TASK PROMPT
Output the listing exactly, without its pictures.

INPUT DATA
=== Section Start ===
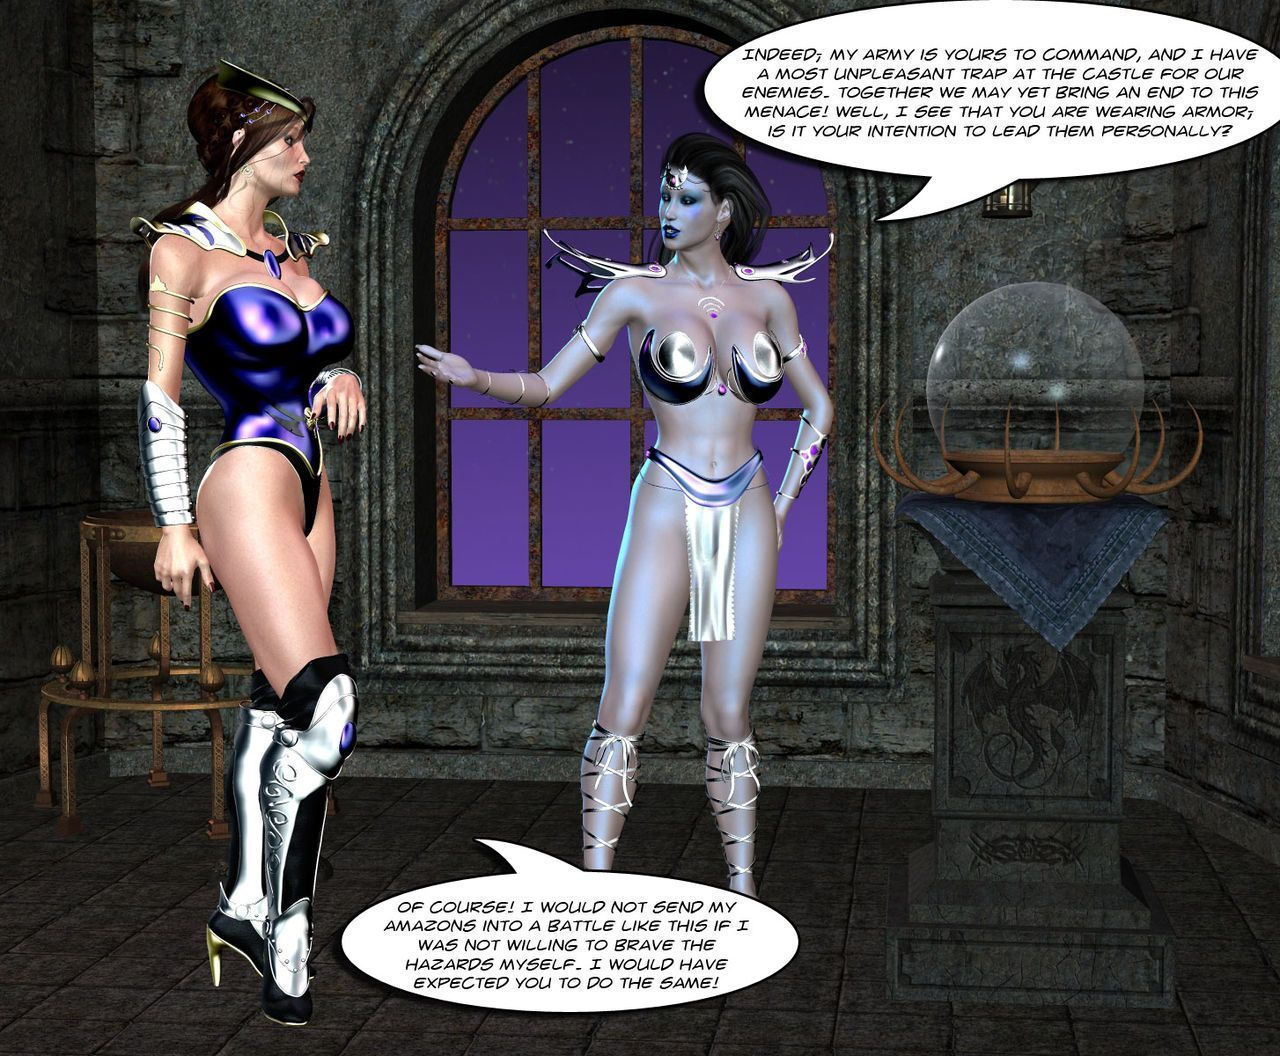 [Uroboros] Inner Universe 41 - 76 - part 7
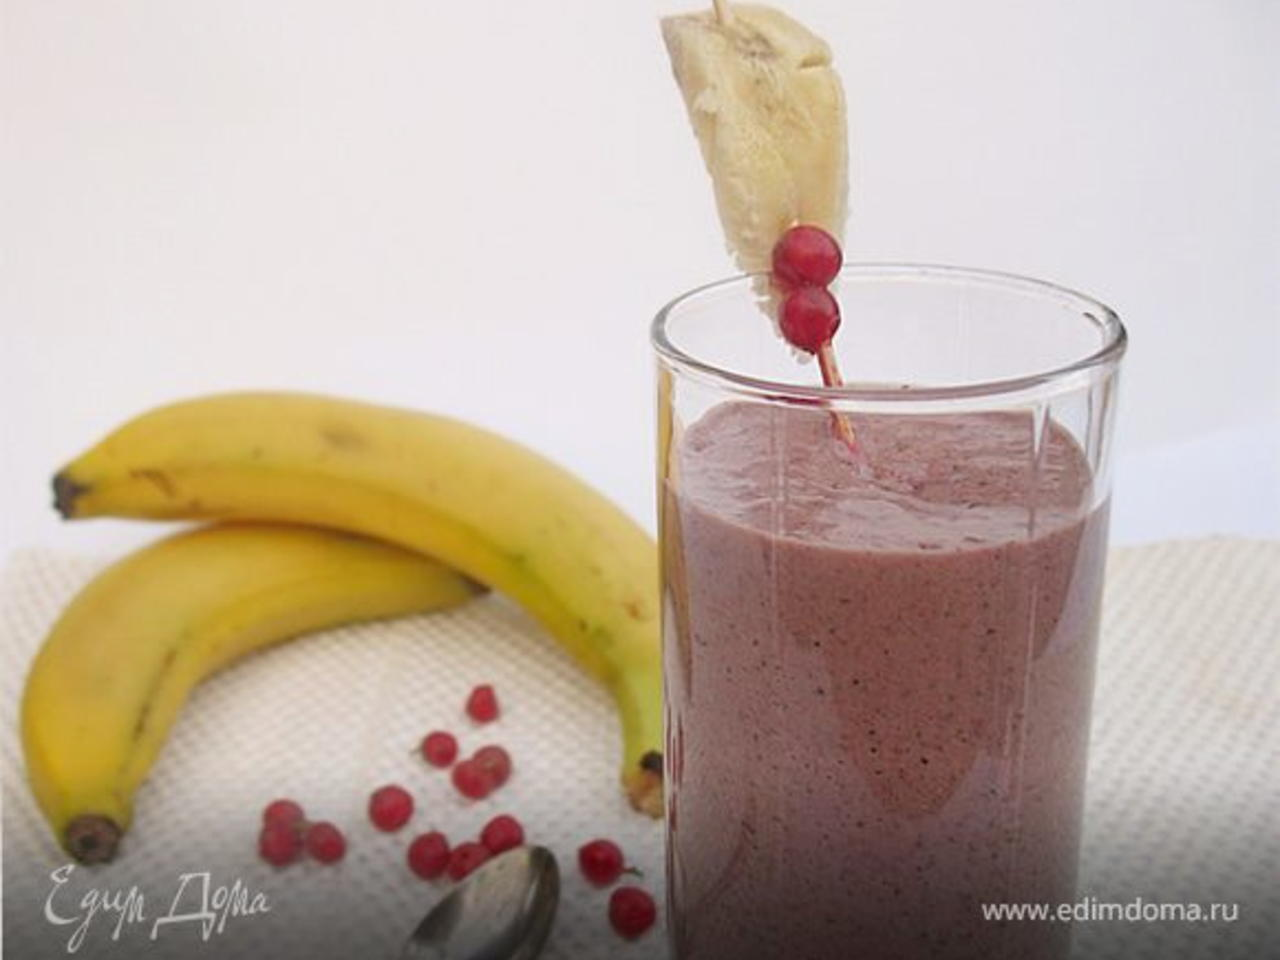 Ягодно-банановый смузи (с финиками и семенем льна)   вкусно и полезно (vip)
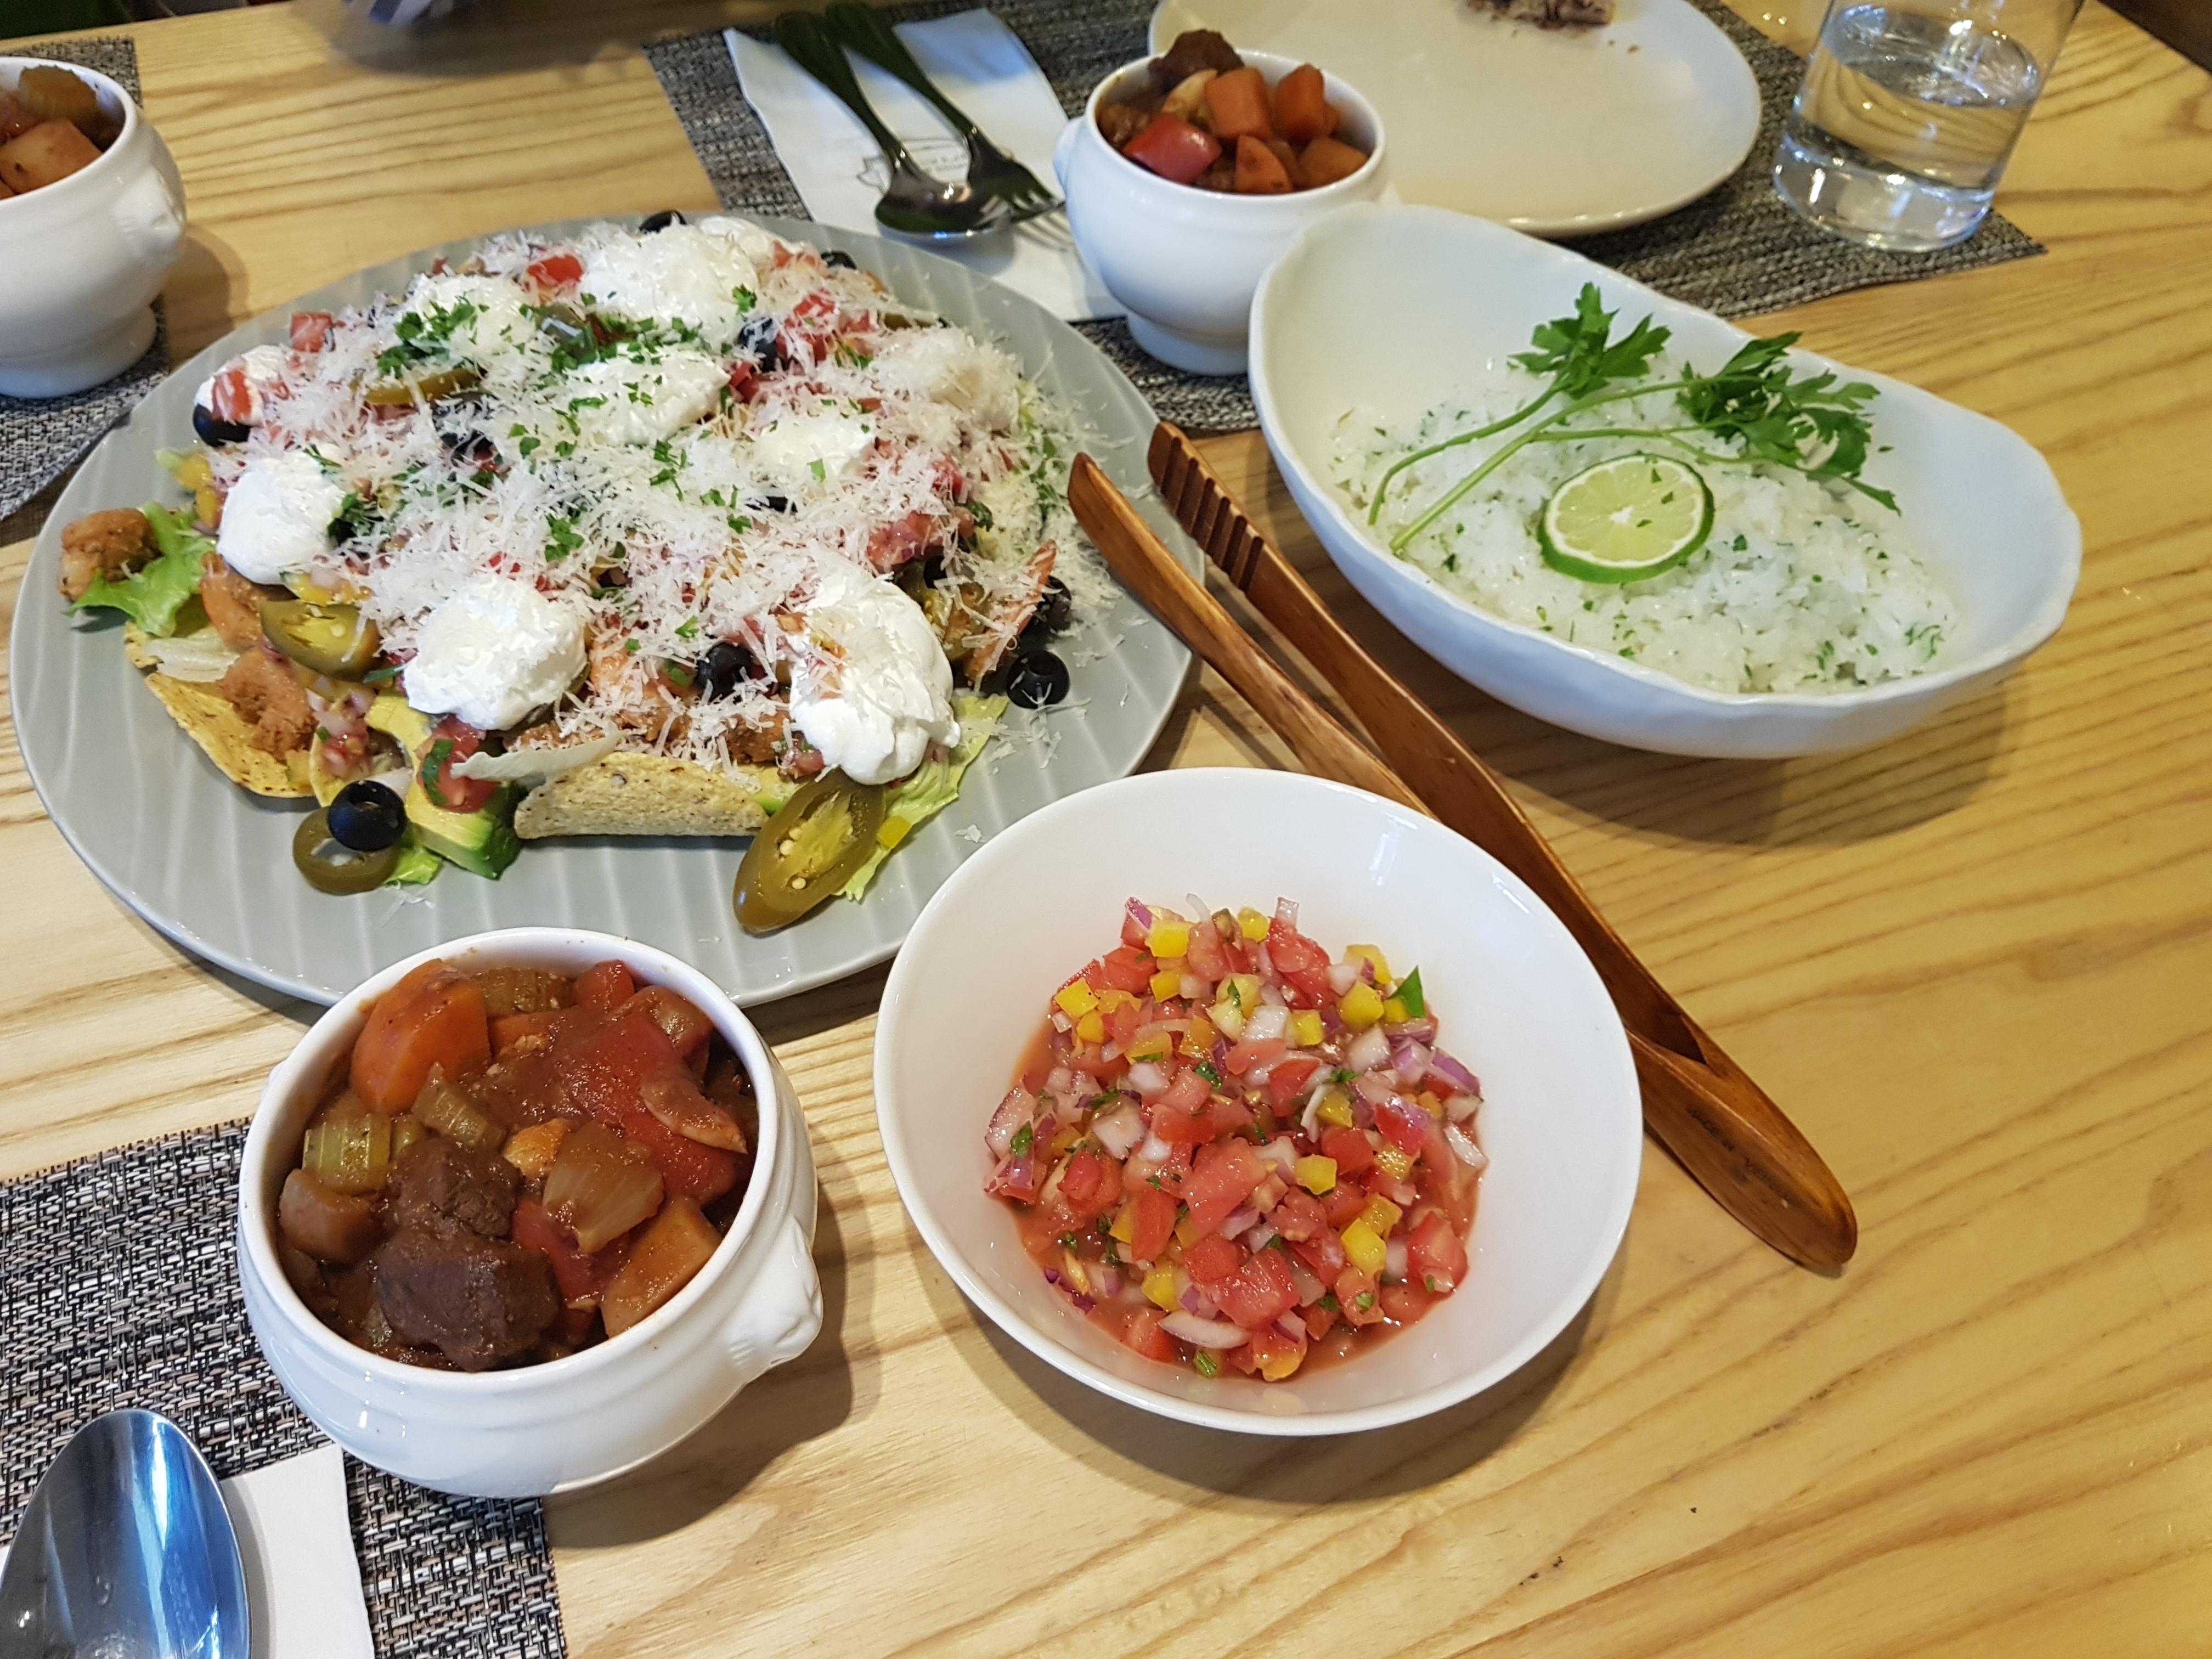 락앤락써포터즈 원데이 클래스 - 세계집밥(멕시칸보양식)
=== Section End ===
ANSWER AREA
 [Uroboros] Inner Universe 41 - 76 - part 7
 Ягодно-банановый смузи (с финиками и семенем льна)   вкусно и полезно (vip)
 락앤락써포터즈 원데이 클래스 - 세계집밥(멕시칸보양식)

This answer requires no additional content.